Here is my contribution to the SCOTUSblog symposium on the Town of Greece case. Here is a bit:
On June 27, 2005 – the last day on the bench, it turned out, for both Chief Justice Rehnquist and Justice O’Connor – the nine Justices managed to issue ten opinions regarding two challenges to public displays of the Ten Commandments. They disagreed about premises, precedents, methodology, and results, and their work seemed to confirm the widely held view that the Court’s Establishment Clause “jurisprudence” was in “disarray,” was in “shambles,” and was a shuffling “ghoul.”

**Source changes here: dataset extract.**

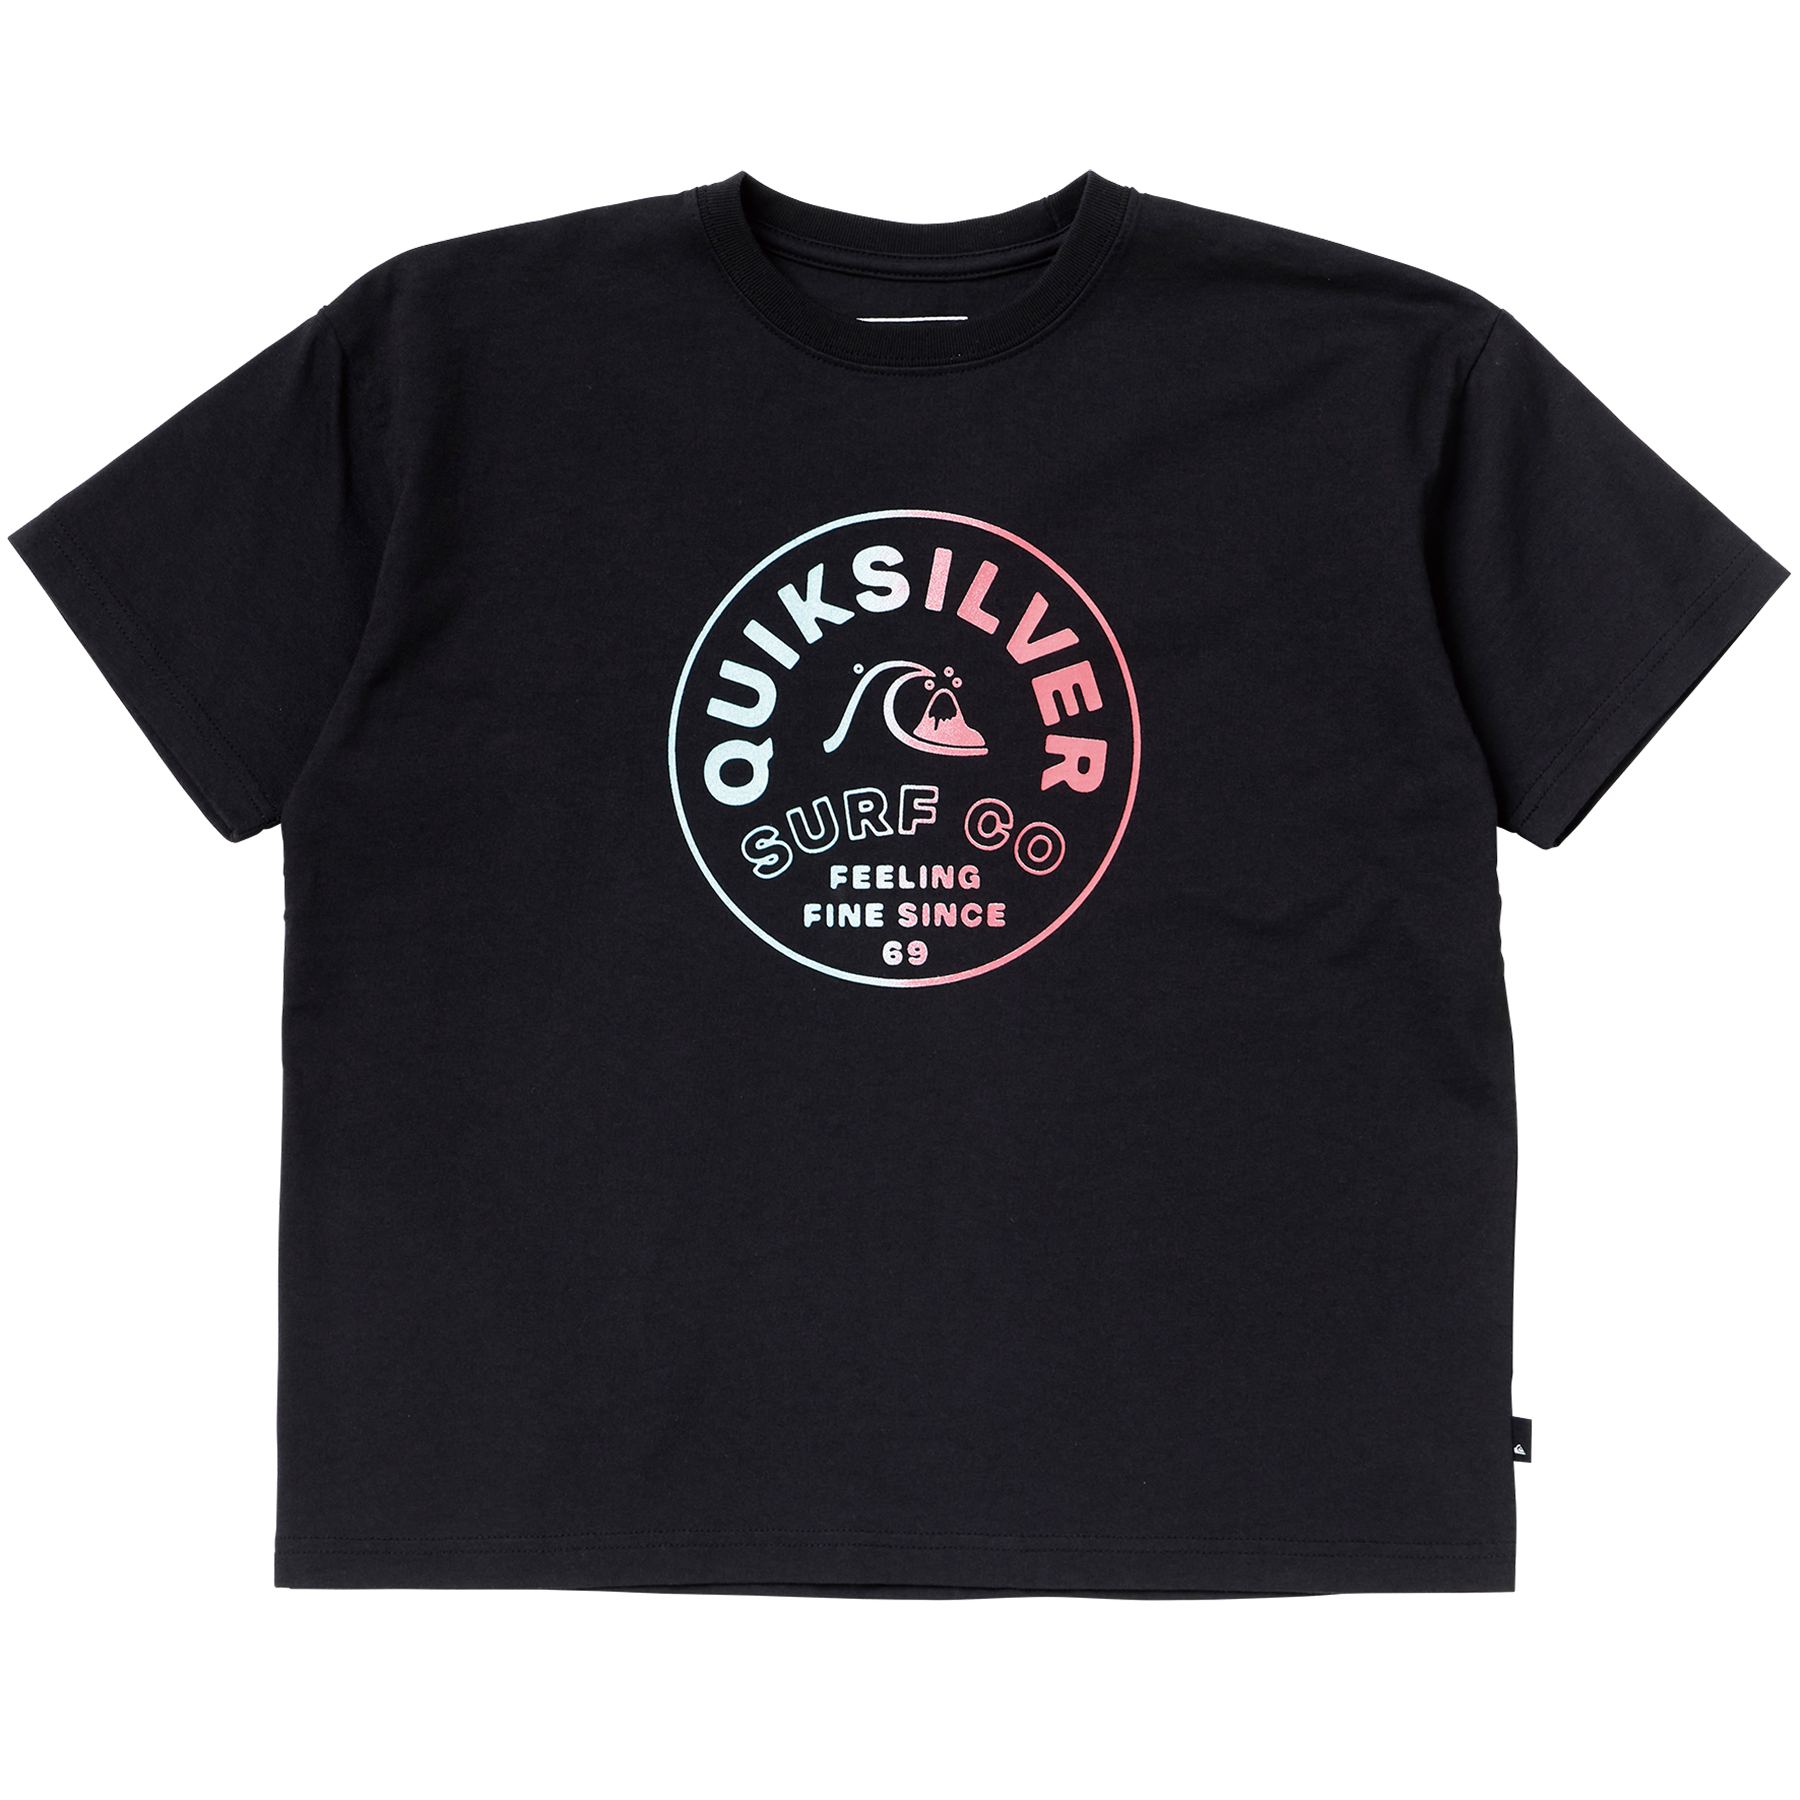 30%OFF セール SALE Quiksilver クイックシルバー TIMELESS ST YOUTH Tシャツ キッズ Tシャツ ティーシャツ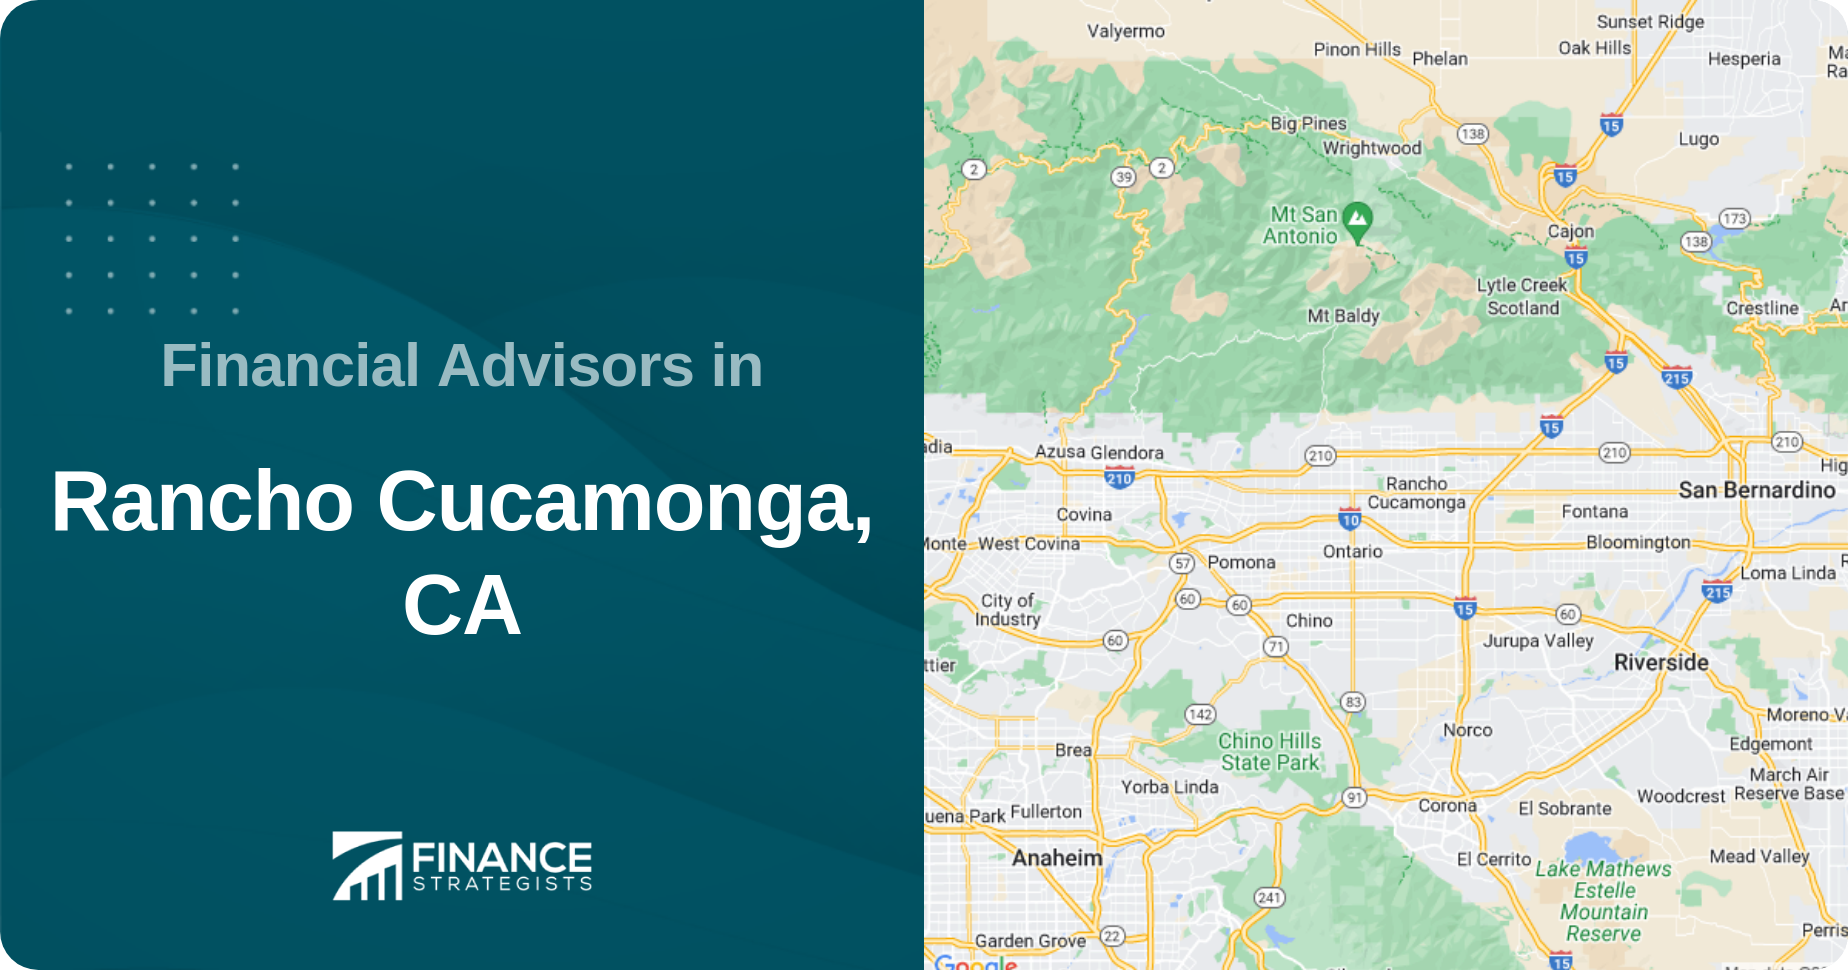 Financial Advisors in Rancho Cucamonga, CA

Those who hoped that nine years and four new Justices might fix the problem were, probably, disappointed by the opinions, even if not the outcome, in Town of Greece. True, the opinion-count dropped to five, and the Justices professed a welcome, even if not entirely convincing, unanimity with respect to the permissibility-in-theory of legislative prayer and the continuing authority of Marsh v. Chambers. But, as to the heart-of-things questions about the meaning of the Establishment Clause and the Court’s role in enforcing it through the development and application of judicial doctrines, the Justices seem to have served up – as Prof. Paul Horwitz put it, in his The Agnostic Age – yet another “dog’s breakfast.” The controversial-but-still-bar-review-black-letter Lemon and endorsement tests were not applied, or clarified, or rejected — just ignored. Now as before, when it comes to public-religion cases, no single “test” controls, no one factor is decisive, and not much confidence is warranted about the outcome of the next case. . . .
It is not clear . . . why our political, cultural, and other “divisions” – which are as inevitable as they are real – should be relevant to the legal question whether a particular policy is constitutionally permissible. Several years ago, in an overlong and excessively annotated law-review article, I attempted to show that they should not be. I reviewed in detail the genealogy of the political-divisiveness inquiry and concluded, among other things, that there is something unsettlingly undemocratic about the notion that the First Amendment authorizes courts to protect us from “confusion” or privileges judges’ sense of political “urgency.” After all, and as Chief Justice Burger conceded in Lemon, “political debate and division, however vigorous or even partisan, are normal and healthy manifestations of our democratic system of government.” Judicial squeamishness regarding messy politics is not a reliable constitutional benchmark, and judicial observations or predictions of “political division along religious lines” are not enough to make controversial policies unconstitutional.
It is true that excessive polarization, disagreement, and division in a political community can be unsettling. It is also true that one way to avoid “political divisiveness along religious lines” is to constitutionalize, as we did, a rule prohibiting “law[s] respecting an establishment of religion.” (Another way, Justice Alito suggested in his concurrence, recalling the First Continental Congress, might be to join together in prayer.) It is also worth remembering, though, the challenges and risks that attend what Justice Kagan called “the distinctively American project . . . of creating one from the many, and governing us all as united.” We should, as John Courtney Murray once put it, “cherish only modest expectations with respect to the solution of the problem” — and, in particular, with respect to the Court’s ability to solve through Establishment Clause decisions, the problem — “of religious pluralism and civic unity.”